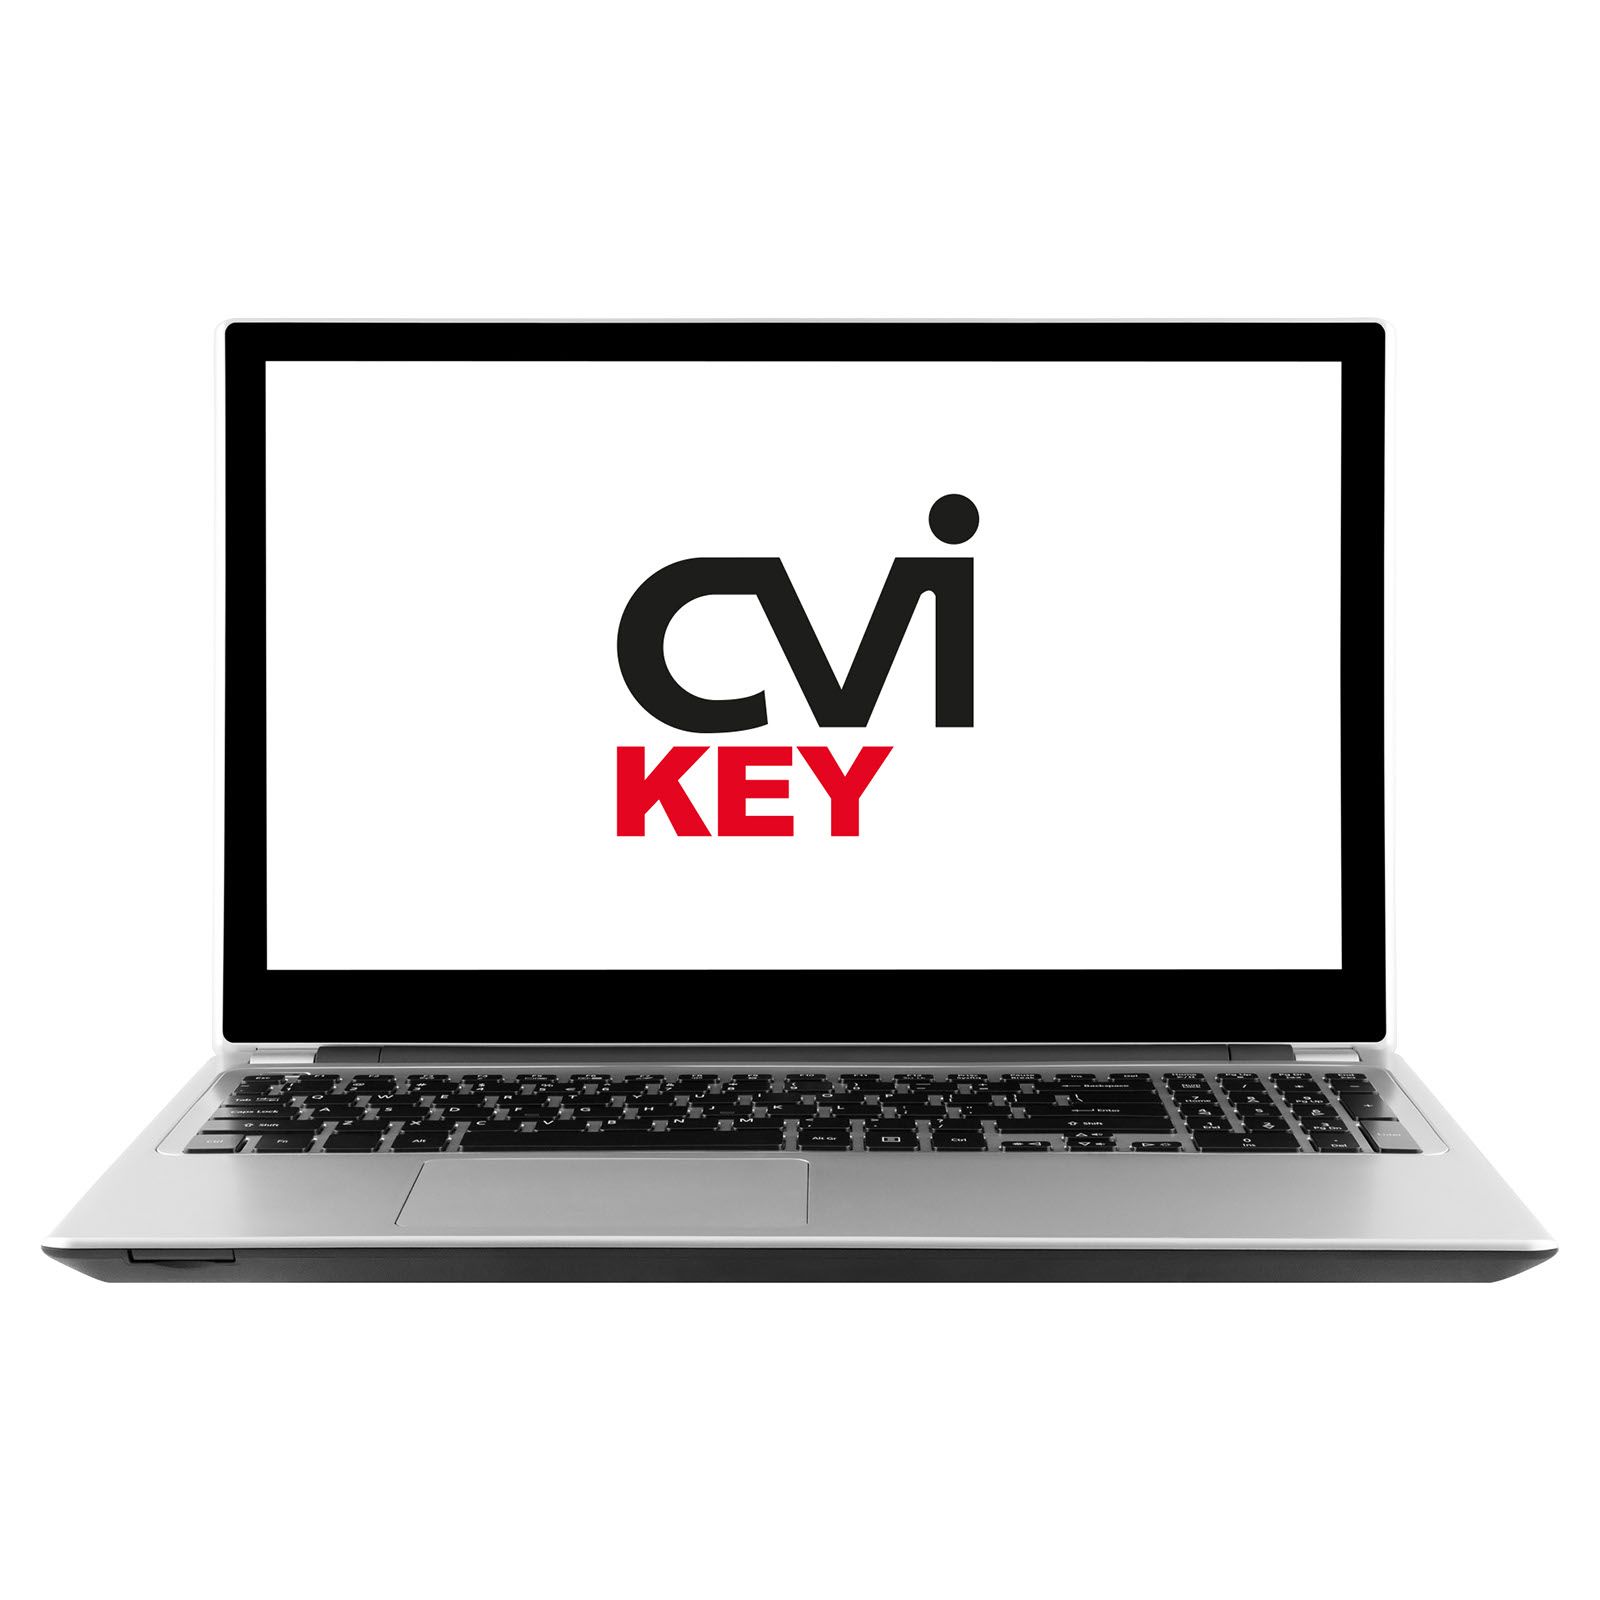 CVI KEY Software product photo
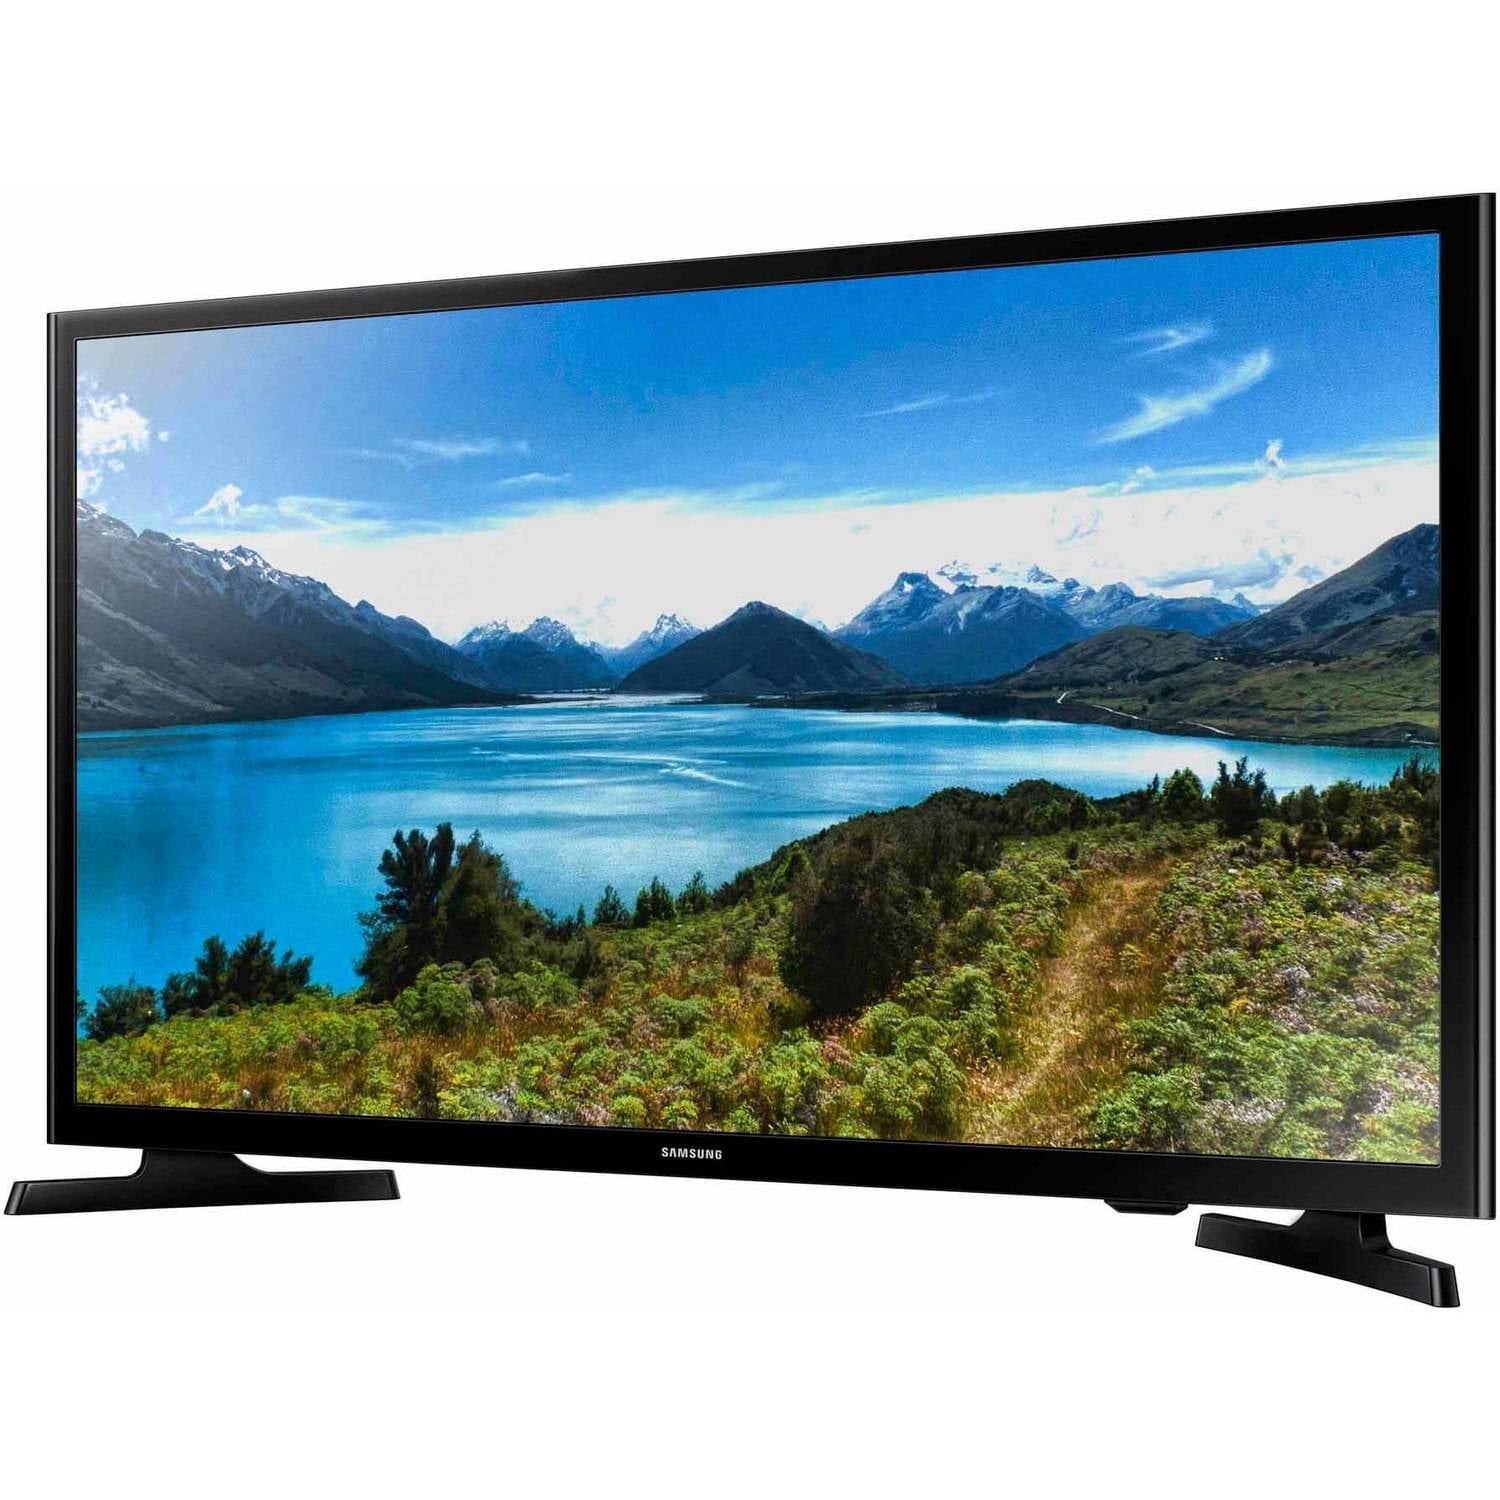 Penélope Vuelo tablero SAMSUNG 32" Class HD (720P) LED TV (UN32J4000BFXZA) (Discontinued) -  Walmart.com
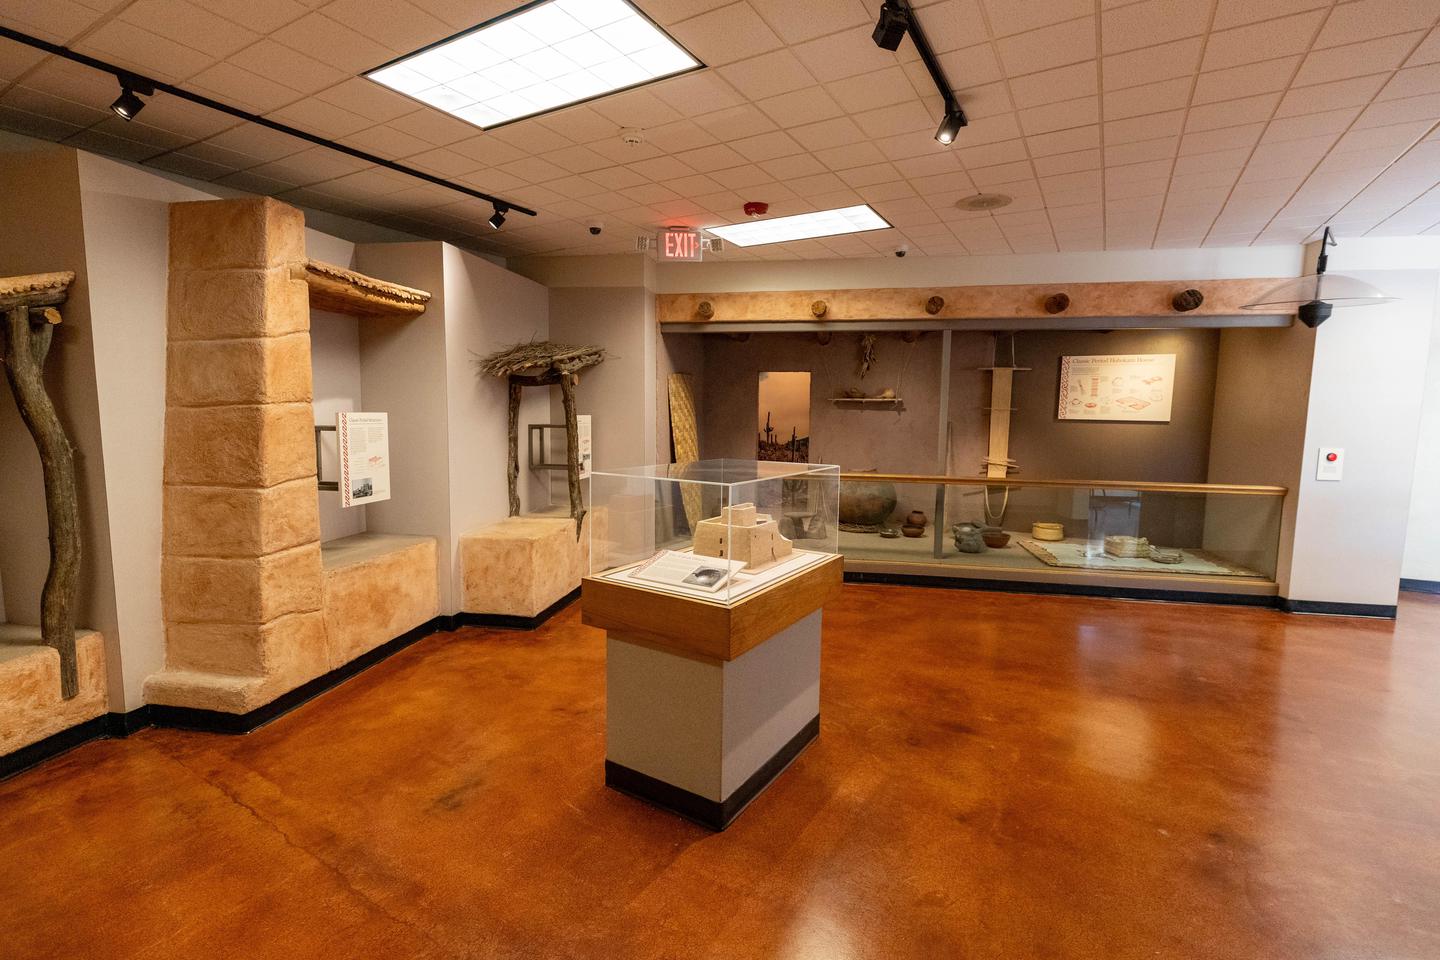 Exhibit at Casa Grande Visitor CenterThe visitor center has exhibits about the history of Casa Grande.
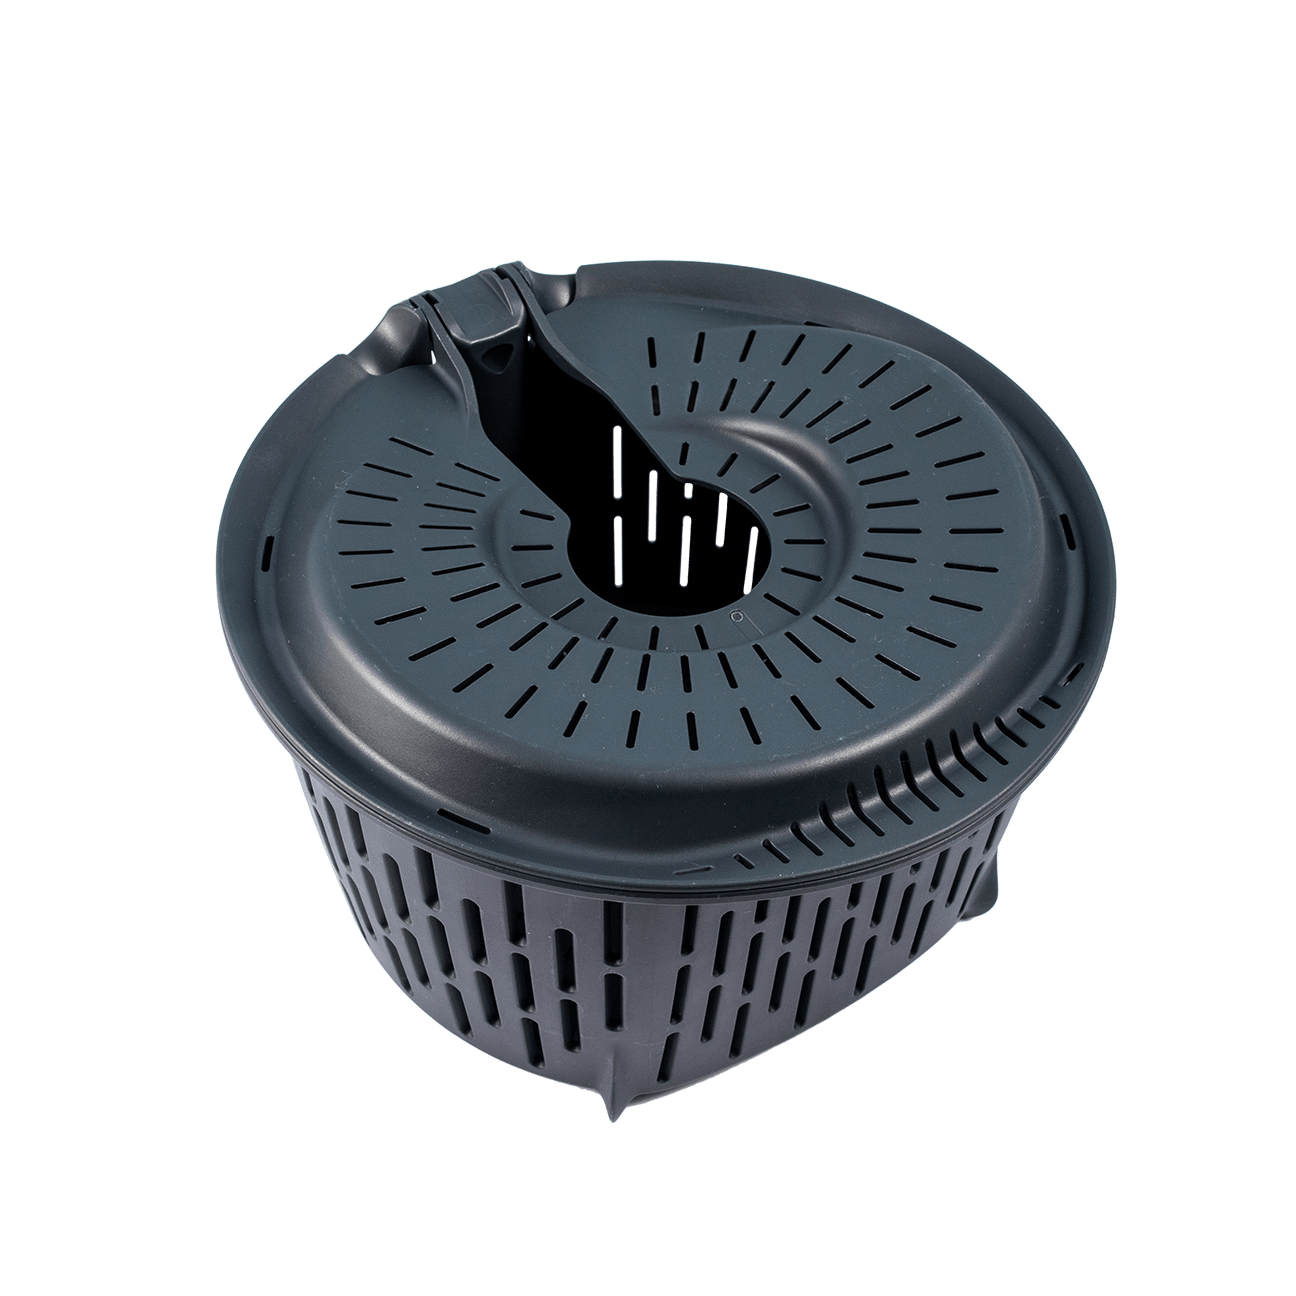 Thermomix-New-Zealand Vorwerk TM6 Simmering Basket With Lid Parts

════════

> _Required work_:
Only the text of the material belongs in your copy, which must match the original exactly.

> _Solution below_:
 CVI KEY Software product photo
 Penélope Vuelo tablero SAMSUNG 32" Class HD (720P) LED TV (UN32J4000BFXZA) (Discontinued) -  Walmart.com
 Exhibit at Casa Grande Visitor CenterThe visitor center has exhibits about the history of Casa Grande.
 Thermomix-New-Zealand Vorwerk TM6 Simmering Basket With Lid Parts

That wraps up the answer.